This invention relates to a method and apparatus for error correction, and more particularly to a method and apparatus for error correction suitable for use in, for example, a teletext system.
In a teletext system, a digital signal is superimposed on the horizontal scanning period in the vertical blanking period of a television signal. The conventional televison signal has no picture signal in this vertical blanking period of the horizontal scanning. The character transmission system of such a teletext system contains both a pattern transmission system in which character and picture data are dissolved into picture elements, and a coded transmission system in which the pictorial information is transmitted in the form of coded data. The coded transmission system is superior to the pattern transmission system in terms of the amount of pictorial information transmitted per unit time. The coded transmission system, however, has a problem in that a code error occuring during the transmission of data in the digital signal form is visualized as a miswritten or omitted word.
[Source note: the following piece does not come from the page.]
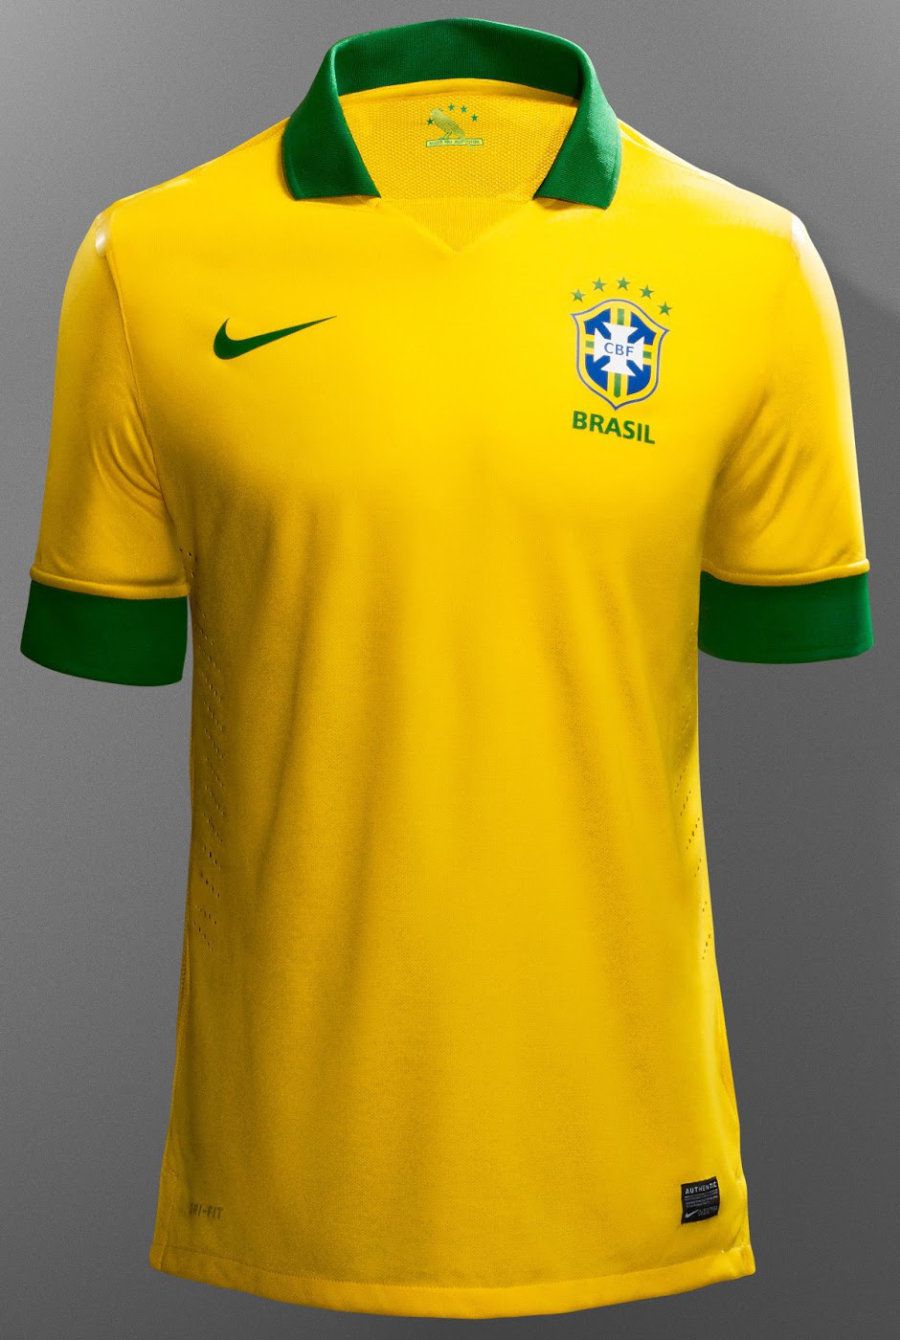 ブラジル 代表 の ユニフォーム

To cope with this problem, it has been proposed that the code error be corrected by improving the reliability of digital signal processing. A prior art correction system for such a purpose employs a (272,190) shortened (majority) difference set cyclic code system. This correction system is disclosed in the Report of the Radio Council (DENPA GIJUTSU SHINGIKAI) of Japan, Chapter 4, pp 171-190, and in Japanese patent disclosure (KOKAI) No. 59-133751. In this correction system, a majority difference set cyclic code of (273,191) is reduced in its required number of bits by one bit (this correction system being capable of dealing with a code error of a maximum of 8 bits), while retaining a correction capability. More specifically, a data field of 190 bits is associatively followed by an error correction field of 82 bits, which is generated by a predetermined polynomial generator. A total of 272 bits for the data field and the error correction field are thus contained in one data packet for transmission. On the receiving side, the received data packet is stored in a RAM. Then, a CPU reads out and transfers the data to a syndrome register of a predetermined number of bits (for example, 82 bits) and also to a shift register of 272 bits which acts as a delay circuit to synchronize the data with the output of corrected data.
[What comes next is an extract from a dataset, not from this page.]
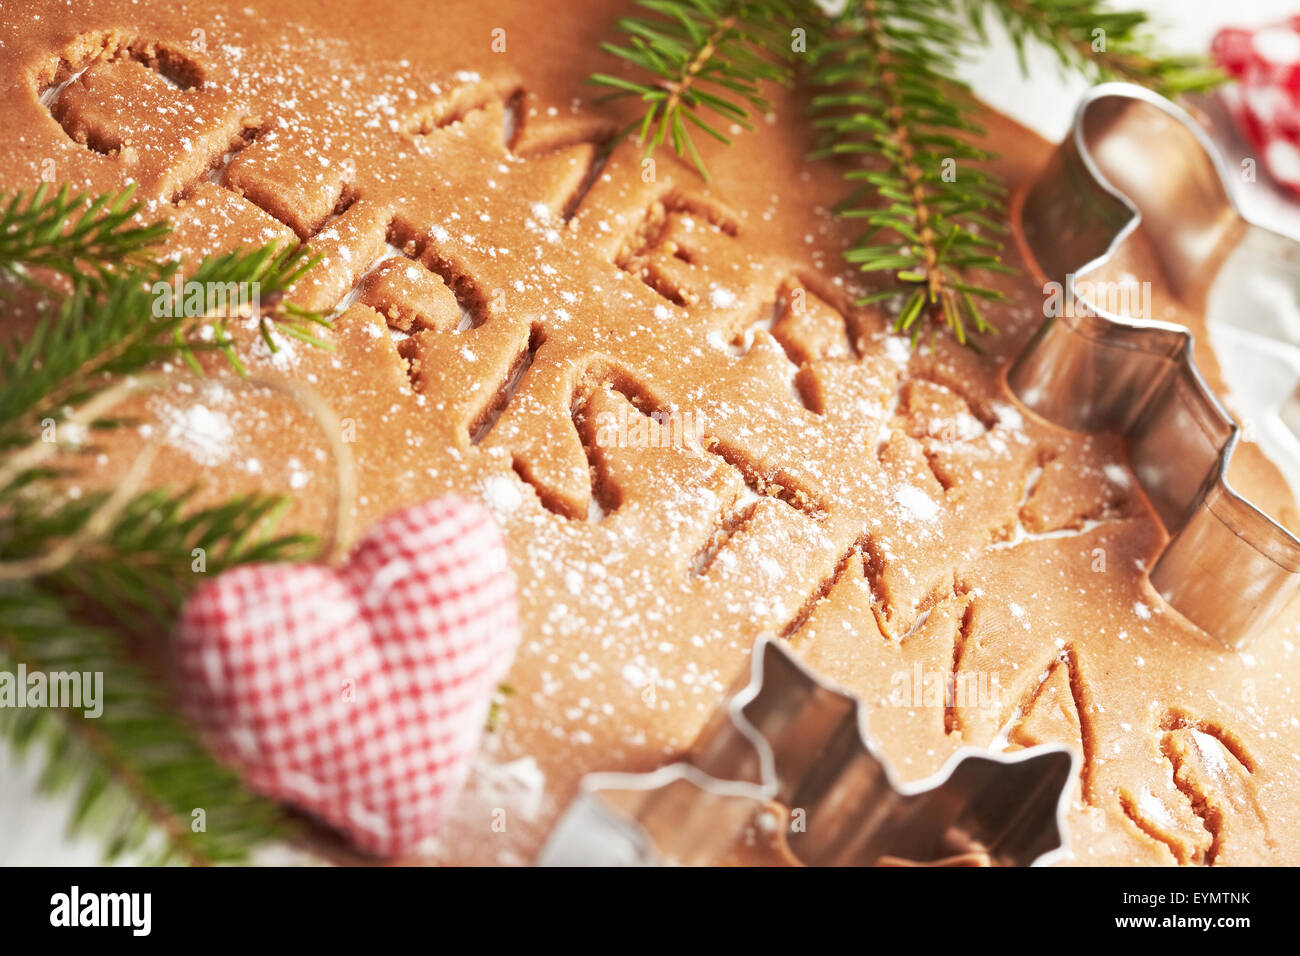 Baking Christmas cookies Stock Photo

In the syndrome register, the 272-bit data is operated upon several times. The syndrome operation is a kind of division in which, if no error is found in the data, the data is divided to provide a "0" output. The results of the syndrome operations are classified into a predetermined number of groups which are then supplied to a majority logic circuit. On the basis of the operation results, the majority logic circuit decides whether the data is to be corrected or not. The decision signal output from the majority logic circuit, together with the synchronizing output signal of the 272-bit shift register, is transferred to a correction circuit. The correction circuit, if the decision signal requires error correction, corrects the error and then writes the corrected data into the RAM.
As stated above, this correction system can correct a maximum of eight error bits in 272 bits of data, but it may fail to correct all the error bits in some cases. It is, therefore, necessary to check as to whether or not all the error bits have been corrected. This check is made in the following way.
First, the contents of the 82 registers provided in the syndrome register are checked. If the 82 bits stored in these registers are all "0's", all the error bits have been corrected. Otherwise, it is understood that all the error bits have not been corrected. Hence, the 82 bits from the syndrome register are ORed, and the CPU fetches the data showing this logical sum. The logical sum indicates correction of all the bits when its value is "0", and an incomplete correction of bits when its value is "1".
In the prior art system, the data to be corrected is outputted from the RAM to the syndrome register, and the corrected data is outputted from the syndrome register back to the RAM. The CPU performs both data transferring operations in accordance with a program designed (software) for this purpose. Therefore, the time taken for error correction depends largely on the input/output speed of the CPU. If, however, the processing time of the CPU is increased during the input/output operation, the CPU can not execute other processing, e.g., decoding processing of the received data. The CPU also often fails to follow up processing of the incoming data. Further, the prior art error correction control circuit uses the 272-bit shift register for synchronizing the output of the correction signal with the data. As a result, the error correction control circuit is large, a grave disadvantage when the error correction control circuit is fabricated into an integrated circuit.
For detecting a state of the error correction process, the outputs of the respective registers in the syndrome register are ORed. This large number, 82, of inputs requires extremely long wires, thereby adding to the overall size of the circuit and making it difficult to fabricate the error correction control circuit by means of IC technology.